# Flooring driving me INSANE!!



## holtzchick (Apr 12, 2013)

My bunnies, specifically Hippogryff, are driving me absolutely 100% insane!!! 

I've used anti-fatigue foam flooring mats since November and NEVER had any issues with it until now! It's like he just figured out "hey, I can chew these and destroy my home!! " I don't know what to do. 

I can't use vinyl or anything of that sort because Phoenix is extremely afraid of slippery flooring, I'm also reluctant to use a rug/carpet since I don't want water or anything to soak into it if they happen to spill it and then it's going to ruin the hardwood. I've read some of you use the thick horse stall mats, ah I'm considering buying 2 but it's a little expensive for me at the moment. I tried going on Kijiji to see if anyone had them there but no such luck, I'm also going to give Homesense a try since I've seen them there in the past. 

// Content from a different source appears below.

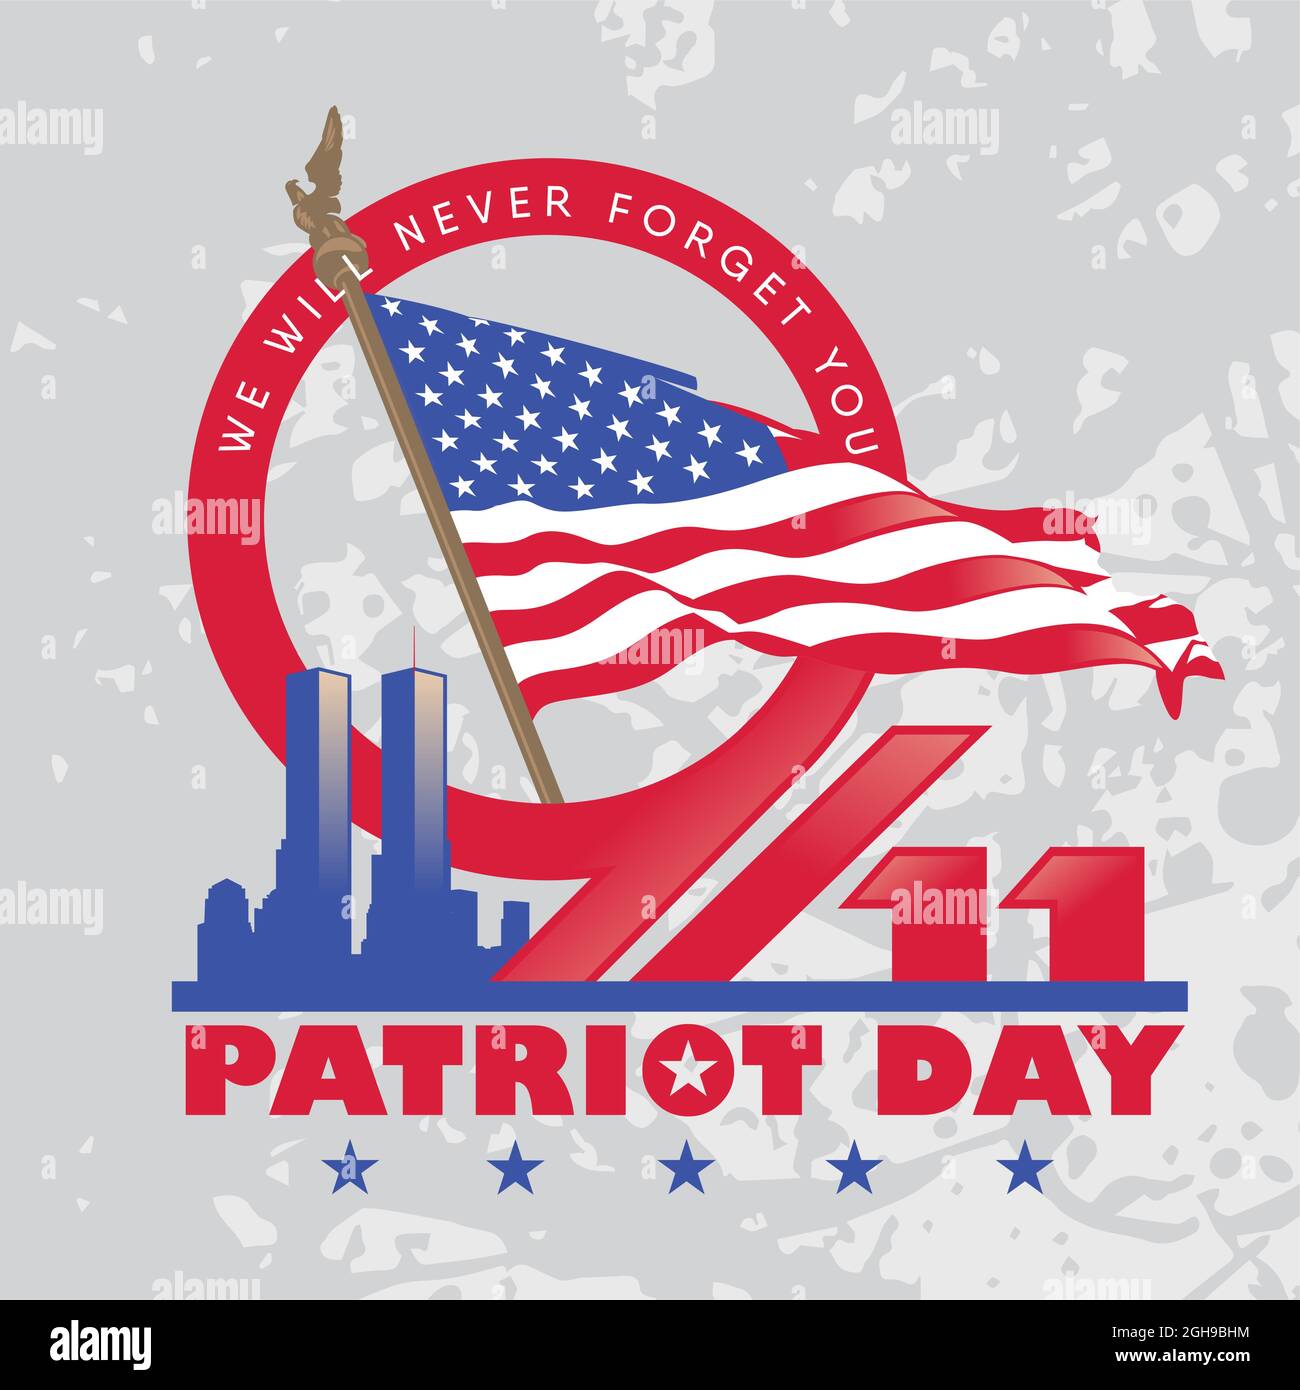 9-11 Patriot Day. We Will Never Forget. September 11, 2001 against the background of the shield and the Twin Towers in the skyline of New York. Stock Vector

I guess this is more of a flooring sucks vent rather than a question, perhaps if anyone has any other flooring suggestions, feel free to add your advice. This is me at the moment ullhair:


Thanks!!


----------



## JBun (Apr 12, 2013)

I was looking into these tiles at one point. They are a bit pricey, and I don't know how anti slip they are. I think that they send out free samples, so you could get a sample to see if it is going to be what you want. I don't know if that applies to Canada though. Maybe you could find a supplier there. 

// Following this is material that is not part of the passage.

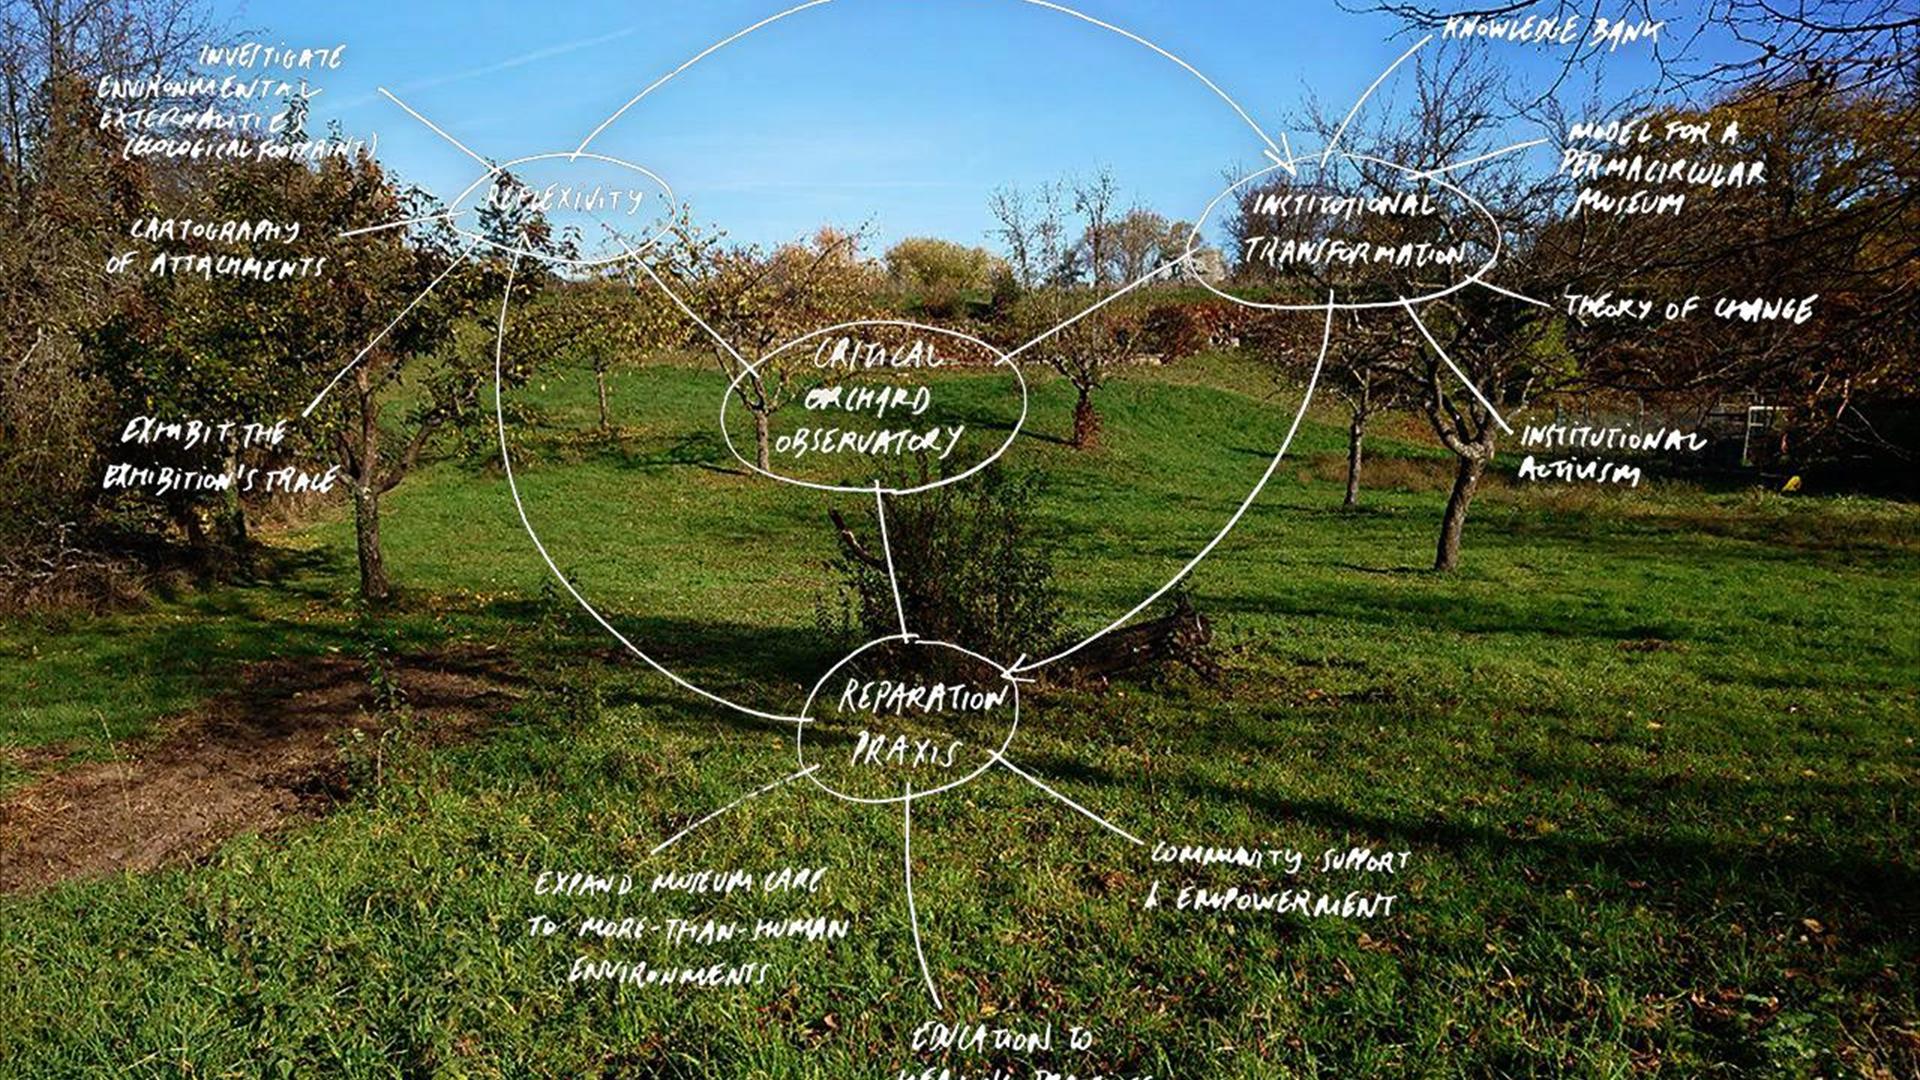 An image showing a mapping exercise. The background is a green space.

http://www.rubberflooringinc.com/garage/smooth-flex-tiles.html

The horse stall mats are super heavy and are about 3/4" thick, but there are also ones that are 1/4" thick. Those my work out a little better, but also easier to chew the edges. But as long as they can't get to the edges in their cages, then they should probably be ok.


----------



## holtzchick (Apr 12, 2013)

Those are great but they are expensive  I just need a stall mat that's big enough to cover the cage floor, shouldn't be a problem since their Xpens are bent so that they're smaller until they're bonded. Ahh I just don't like being angry at the bunnies, it's not their fault they feel the need to chew! 

I tried distracting them with other toys but Hippo destroyed his in minutes, I don't know whats gotten into him lately he's been destruct-o-bun!


----------



## J.Bosley (Apr 12, 2013)

We bought these for under our outdoor hutches, just so we could sweep them: 
http://www.homedepot.ca/product/flat-profile-envirotile-terra-cotta-24-inch-x-24-inch/996974

They come in different sizes, patterns and prices!


----------



## Watermelons (Apr 12, 2013)

I use textured ceramic tiles we had leftover from our bathroom reno. Their great because they cant be chewed and 0 slip because of their bumpy texture but their still nice and flat. So any cleaning in the cage of the odd stray poop, hay, fur, just involves a little dustpan and hand broom. If you're worried about flooring under the cage, you can always use something like a waterproof blanket or stall mat UNDER the cage and whatever you decide to use as flooring IN the cage. I have a layer of coroplast and waterproof blanket to protect our floors under my buns cage, but haven't had an issue yet.


----------



## Imbrium (Apr 12, 2013)

I use these and love them... though it can get pretty pricey depending on the area you want to cover - http://www.rubberflooringinc.com/garage/diamond-grid-loc-tiles.html


----------



## Korr_and_Sophie (Apr 12, 2013)

What about a cheap tarp (many dollar stores have 4X6ft ones for a couple dollars)? You can then cover it with fleece or something soft. If you still want extra padding, you could put it over the foam mats so they can't be chewed. It would be easy to clean, protect your floor and isn't really slippery. If it does get chewed, it will be cheap to replace.


----------



## Troller (Apr 12, 2013)

Heh, for the X-Pen I used the foam mats. At first Xena started chewing the edges but eventually mellowed and let it alone. Still had to replace two pieces. Now that I've had them switching during bonding Conan decides he likes to chew centers. Thank goodness I intend this flooring only to be temporary. 

I swear by the horse stall mats. Sure the edges get chewed on at first but both buns learned it was no real fun and let it be. They both prefer it because its cool to lay on during hot days. It easy to clean, maybe not as easy as tiles or coroplast but it can really be scrubbed well. It's drawback are that it's heavy...very heavy (near 100lb. I'm told). But I only put it down once and move it rarely. At $50 bucks though I consider it money well spent since I bought those puzzle mats for $40 (2 packs) and two months into it they will need replacements soon. I hope aim don't binding by then is all.


----------



## nunyabeez (Apr 12, 2013)

I bought cheap carpet that they sell by the foot at home depot. It's more like an indoor/outdoor style carpet and it comes in strips about 2 feet wide and however long you need it. My bunnies are in an xpen with only a canvas bottom. So I also bought a cheap piece of plywood that goes under the canvas to protect my floors. The canvas is lined with the carpet.


----------



## Nancy McClelland (Apr 13, 2013)

I bought a roll end at home depot that is big enough to do their room more than twice over--was cheaper than their by the foot ones.


----------



## JBun (Apr 13, 2013)

You could try one of those commercial entry foot wiping mats. You know, the kind with the really short carpet on one side and rubber backing on the other. You could use the rubber side if you don't want the carpeting. I found a 3x5 at home depot, for $20.


----------



## holtzchick (Apr 13, 2013)

Lol I actually just ended up flipping the foam pieces where the chewed edges were to the outer edge of their xpen and I took a few new pieces where they were unsalvagable and I duct taped all the seams. Seems to be working like a charm


----------